Task to complete. Write out the data word for word and drop any picture you find.

Dataset content.
○ ○ ○

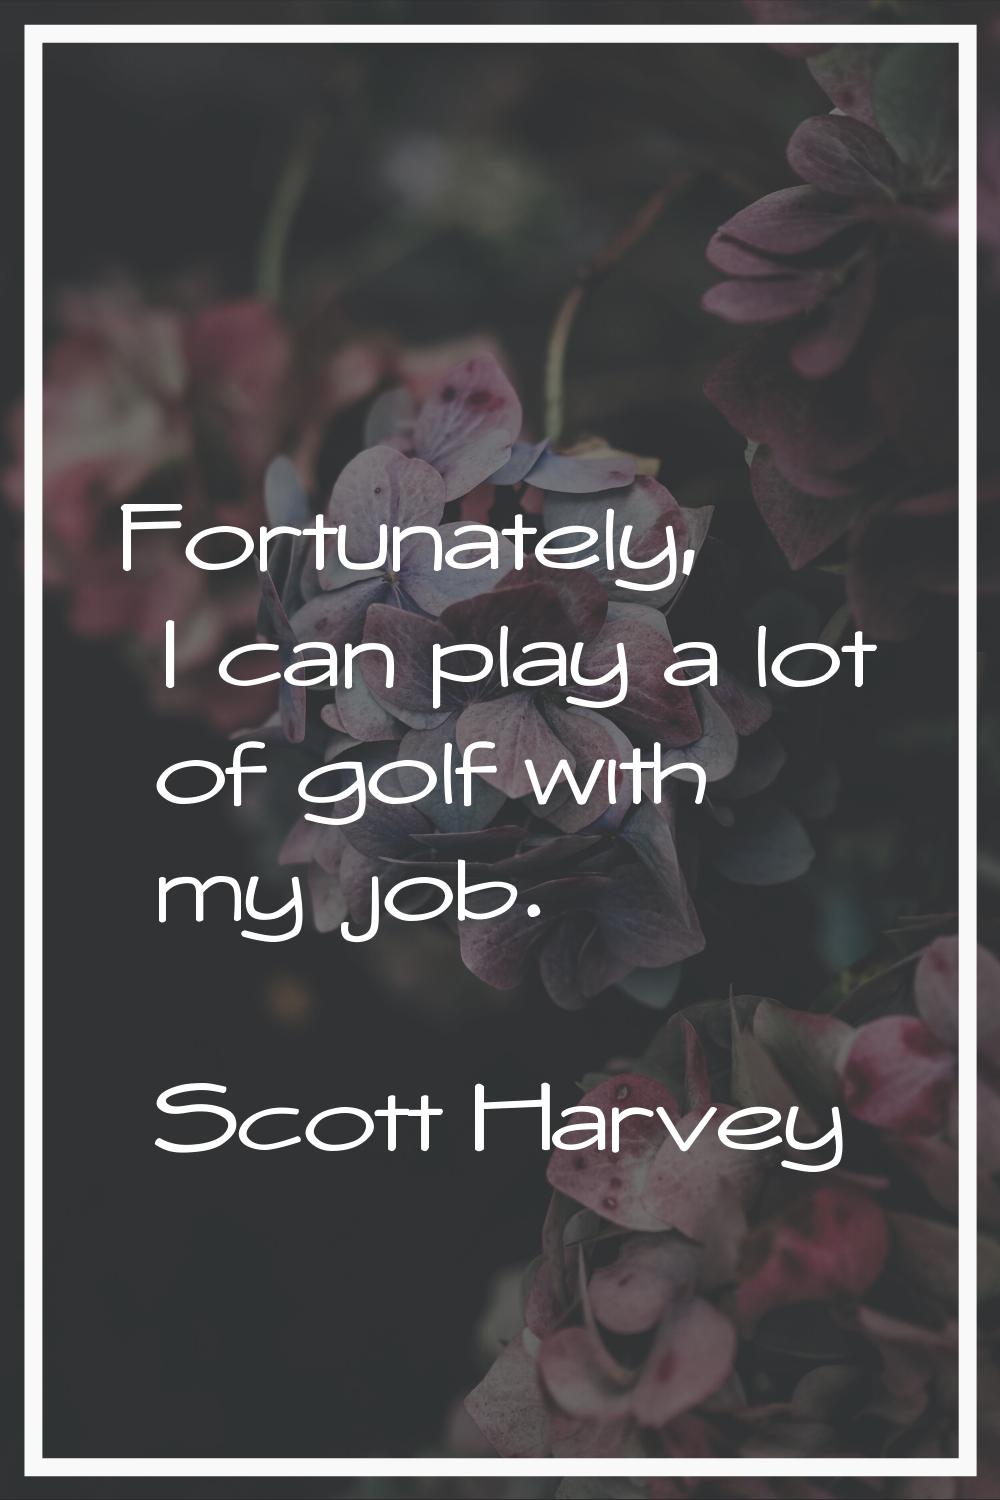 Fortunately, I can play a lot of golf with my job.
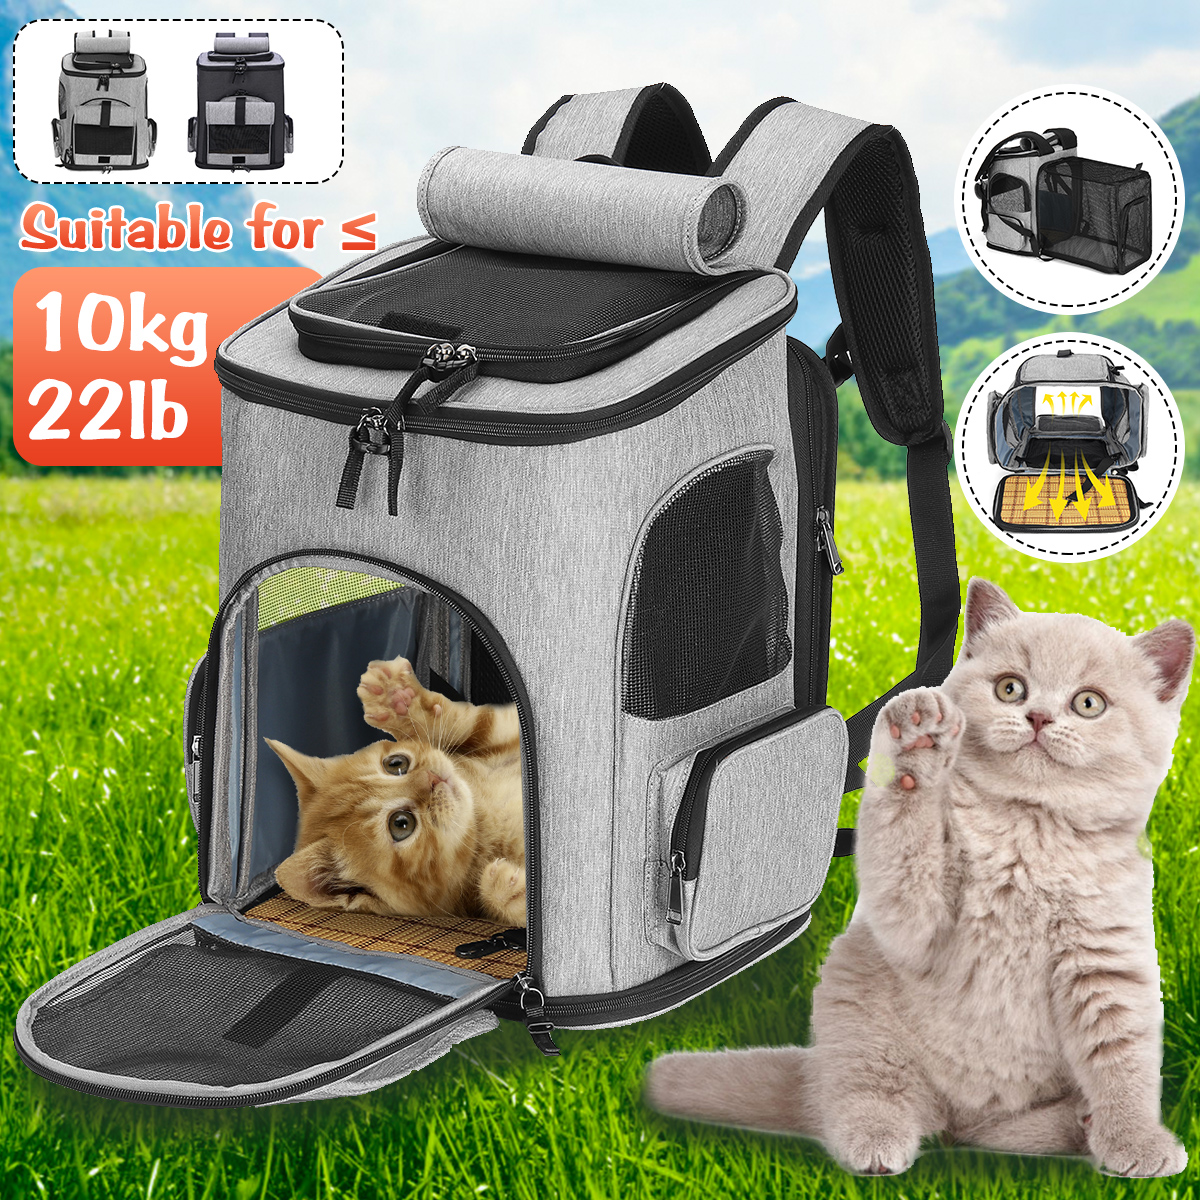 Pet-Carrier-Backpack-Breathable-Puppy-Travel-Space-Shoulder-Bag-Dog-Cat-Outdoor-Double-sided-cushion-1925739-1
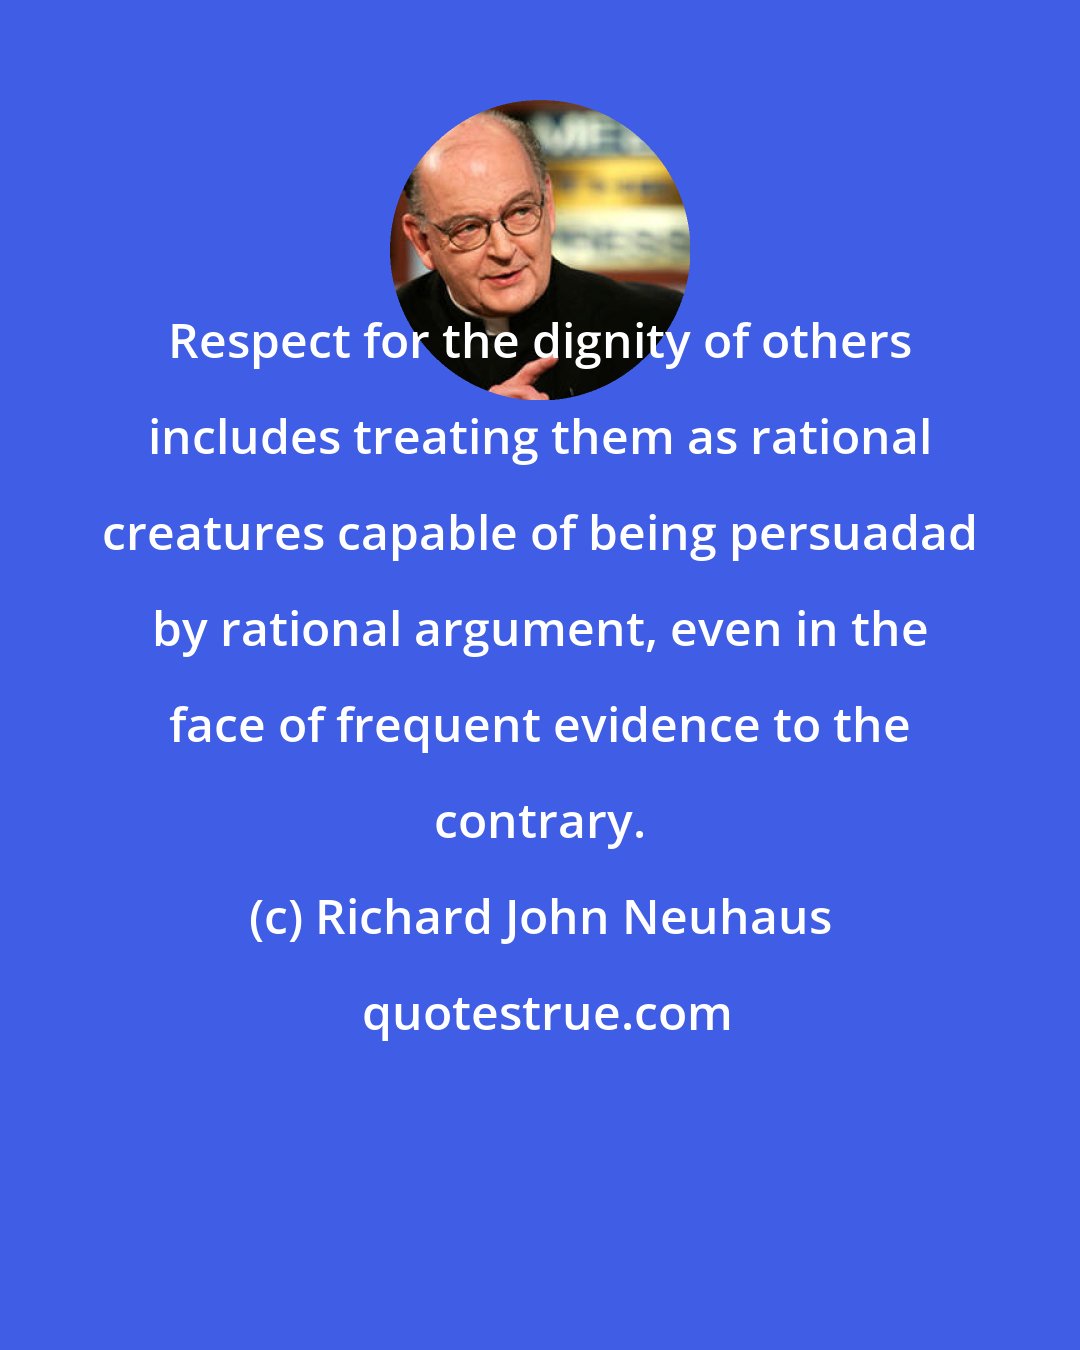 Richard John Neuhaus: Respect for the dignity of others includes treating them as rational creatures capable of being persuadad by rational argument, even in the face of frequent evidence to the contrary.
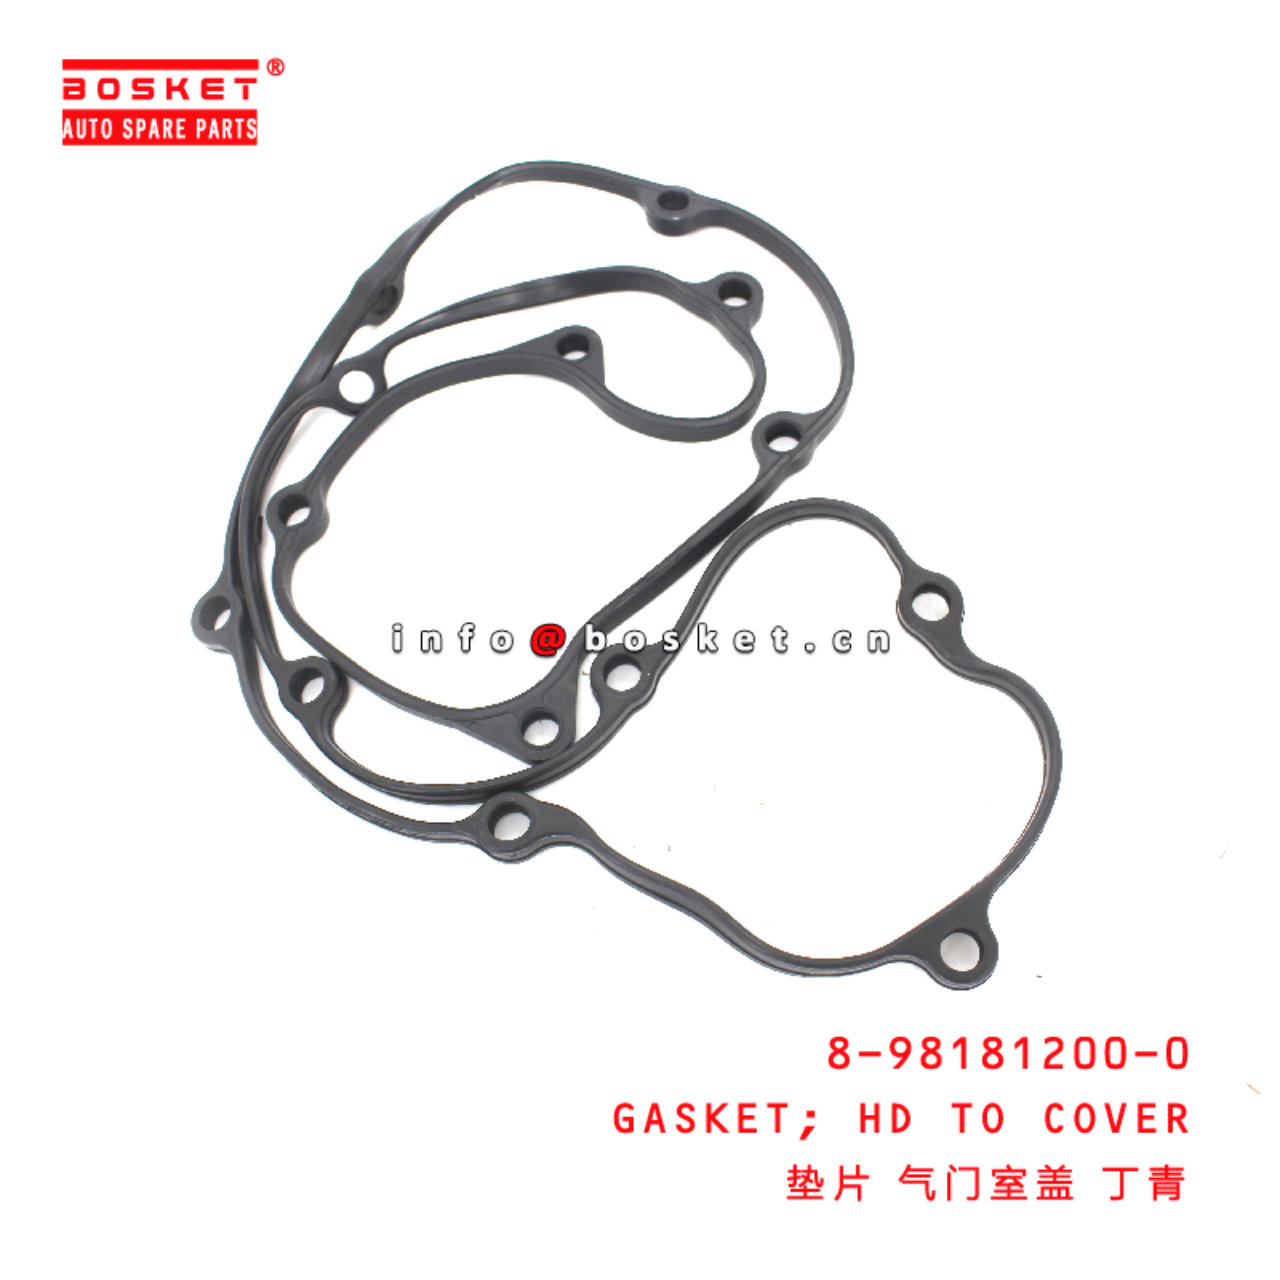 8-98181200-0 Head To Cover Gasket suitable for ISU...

○ ○ ○

Solution to this exercise.
 Fortunately, I can play a lot of golf with my job.
 Pet-Carrier-Backpack-Breathable-Puppy-Travel-Space-Shoulder-Bag-Dog-Cat-Outdoor-Double-sided-cushion-1925739-1
 Richard John Neuhaus: Respect for the dignity of others includes treating them as rational creatures capable of being persuadad by rational argument, even in the face of frequent evidence to the contrary.
 8-98181200-0 Head To Cover Gasket suitable for ISU...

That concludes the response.